We may not live in an era with a snazzy moniker like "Enlightenment" or "Rennaissance" or even "Industrial Revolution," but at least we can say we were around for the decline of Western civilization.
There is no clearer harbinger of the end times than the avalanche of reality shows jockeying for our scant TV viewing attention -- from "Extreme Makeover's" Frankensteinish reinvention of average Joes and Jills to the intimate peeks inside soon-to-fail celebrity marriages to unapologetic teens squandering their parents' disposable income on Sweet 16 parties to adults who will eat bugs or face extreme danger for the opportunity to one day evade taxes -- our society reached its acme sometime in the mid-70s. We are Caligula at this point.
Me, I'm tempted to crawl into a fetal position with my Betamax and watch the glory days of TV -- you know, "Alice," "Falcon Crest," "The Brady Bunch" (that cousin Oliver was such a sweet boy). Alas, decorum, self-respect and my job keep me from doing so. For now. I officially take my hat off to Post TV critic Lisa de Moraes, who gets big props for not yet gouging out her eyes.
The latest evidence of our imminent collapse is the no-they-didn't decision by the creators of "Survivor" to divide next season's teams by race. Specifically: white, black, Latino and Asian.

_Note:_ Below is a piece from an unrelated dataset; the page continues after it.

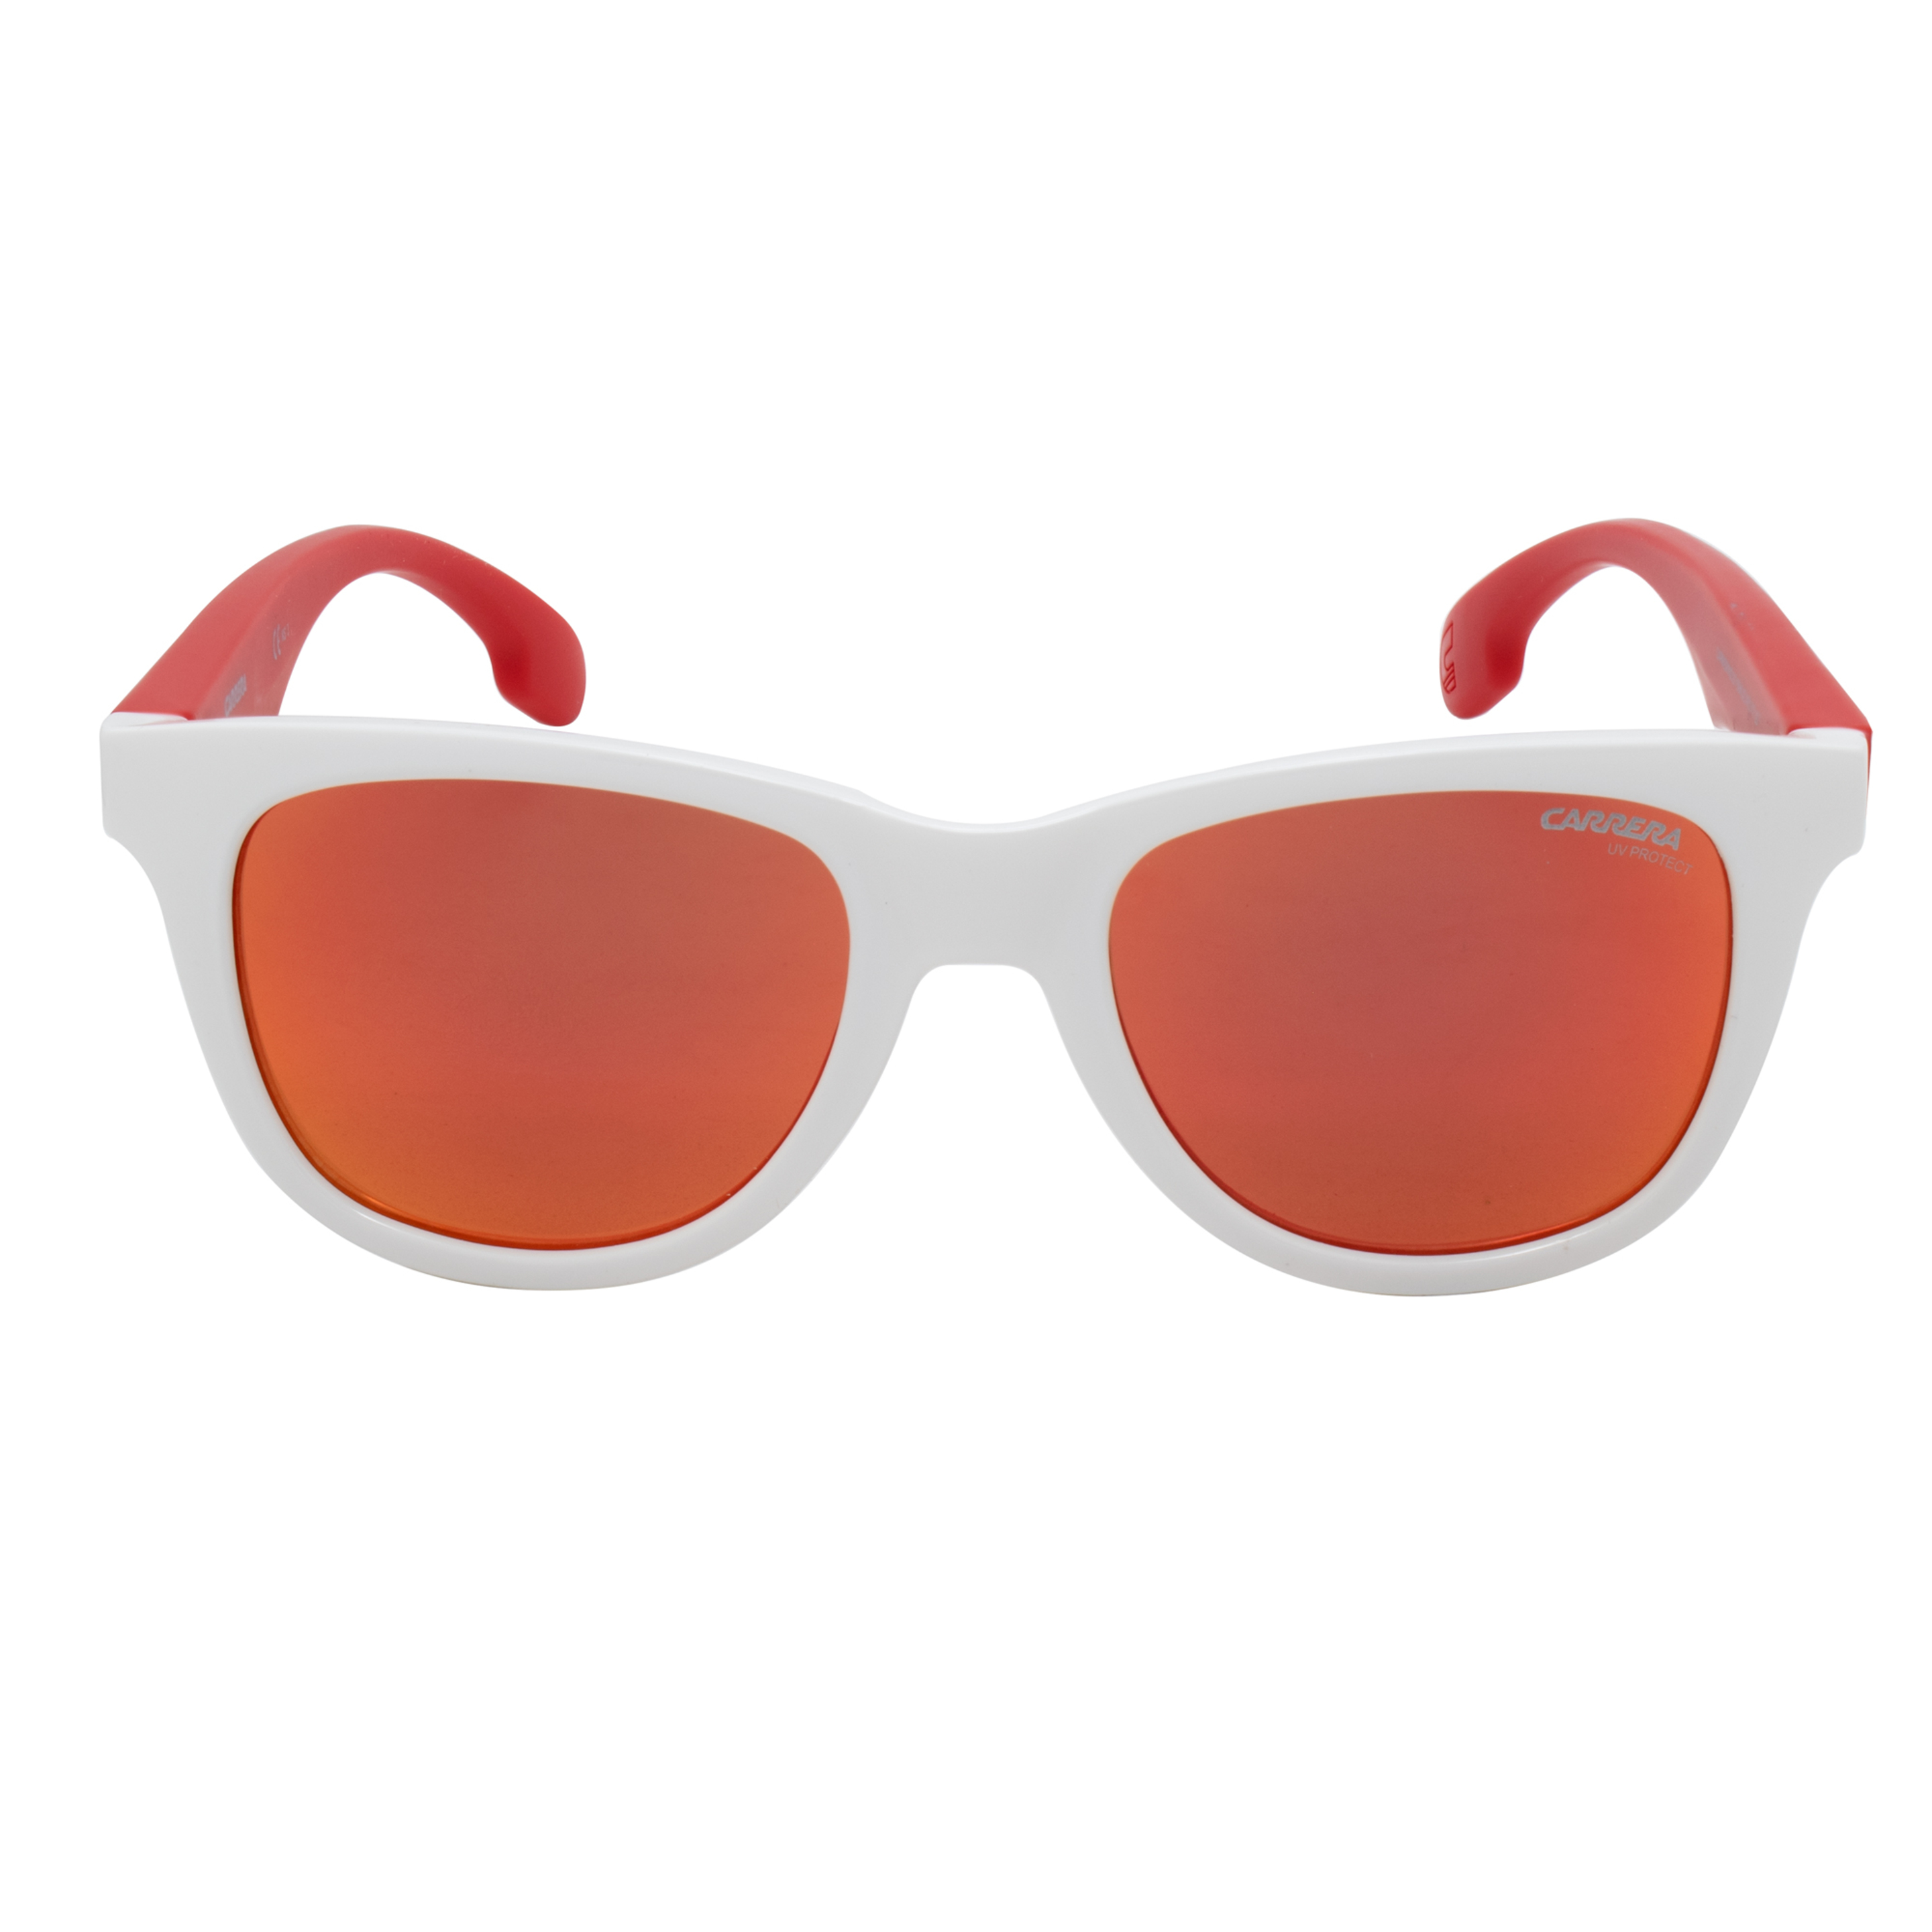 Gafas De Sol Carrera 20-5sk46uz - Blanco  MKP

This decision was apparently made in response to charges of a lack of diversity on the show. Somehow, "segregation" was mistaken as the right solution for that problem. Let's hope they don't further step in it by issuing white capes and Fu Manchu mustaches.
Yes, at some point during the season the tribes will merge, forcing integration. Maybe 40 years ago, it would've made for ground-breaking TV. In 2006, it's embarassing.